In our project, we will be plotting the following features as part of our initial exploratory analysis:

Duration vs Price (economy and business) Departure Time vs Price (economy and business) Distribution of duration by airline Days to flight vs price (for different sectors and airlines) Price distribution is based on the day of the week Distribution of departure time

Analysis

Model fitting

We trained a Random Forest model with 25 trees to predict the price of air tickets based on different features such as departure and arrival locations, departure and arrival times, travel dates, airline carriers, seat class, and number of stops. Initially, we tested a Lasso model to predict the target variable. While the model had a relatively high R-squared value of 0.851, we observed that the plot of residuals displayed a pattern of uneven variance, indicating the presence of outliers or error terms that could potentially impact the model's predictive variability (Figure 2).

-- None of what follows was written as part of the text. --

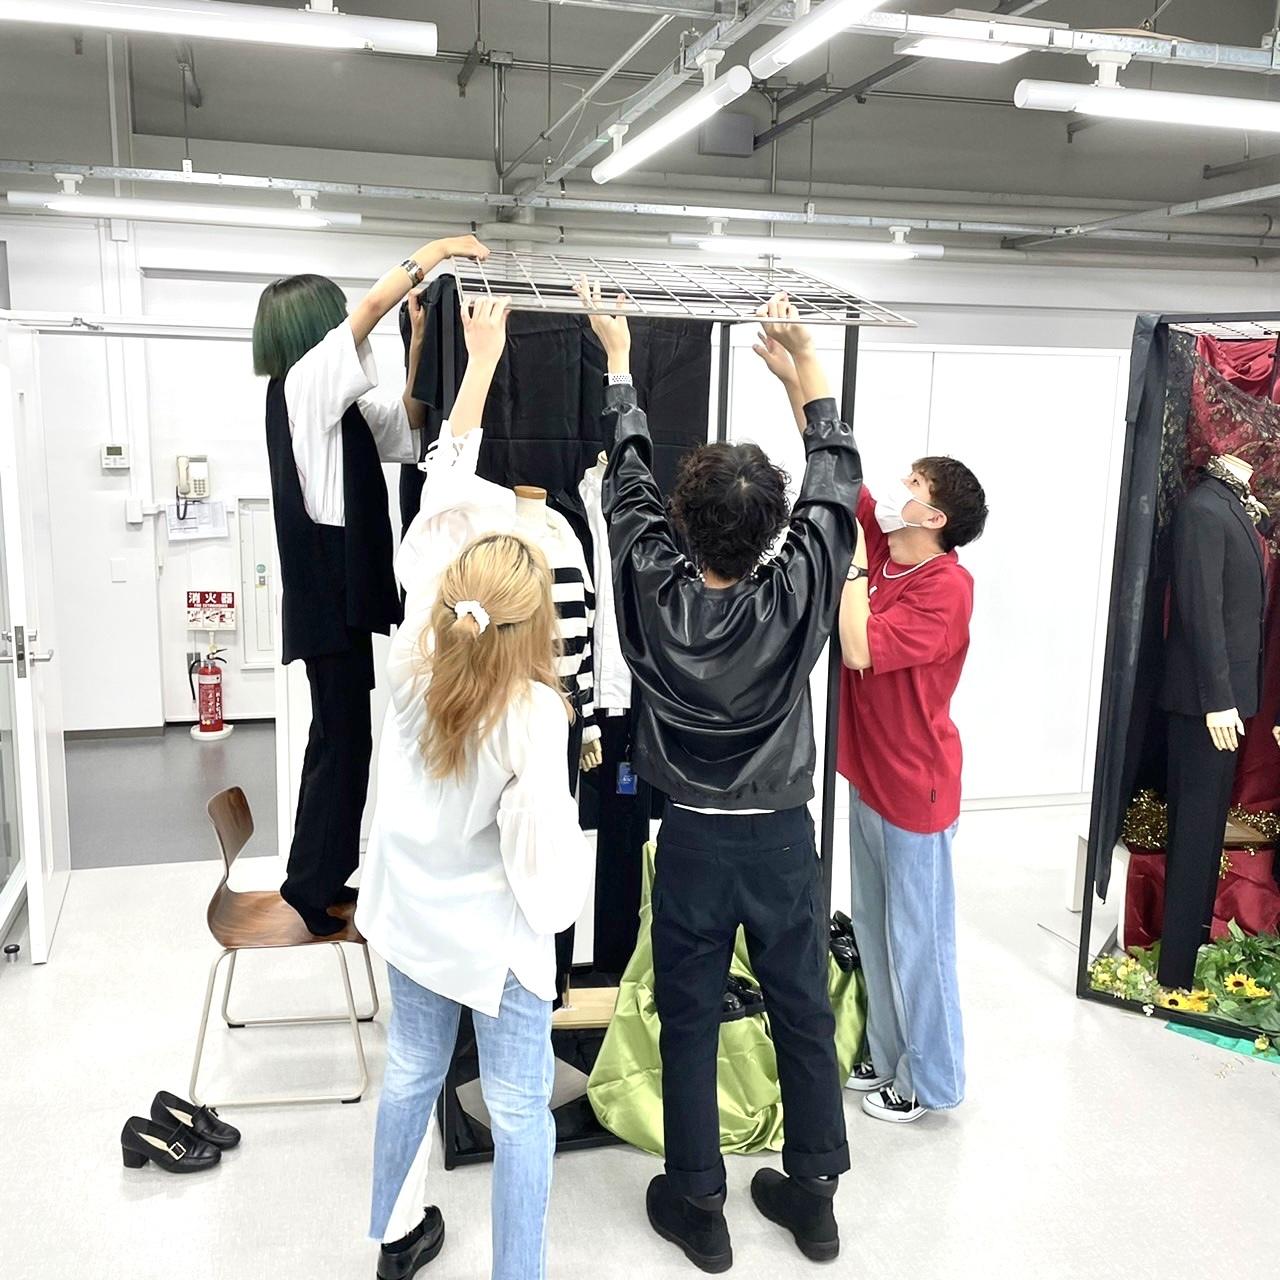 ファッションビジネス演習_f0093508_09152983.jpeg

Despite our efforts to rectify these issues, we could not obtain satisfactory results. To overcome these limitations, we switched to a Random Forest model. The R-squared value of the Random Forest model of 0.929 was slightly higher than that of the Lasso model and demonstrated a statistically significant and high predictive ability (Figure 3). This suggests that the Random Forest model is better suited for our data and can provide more reliable predictions.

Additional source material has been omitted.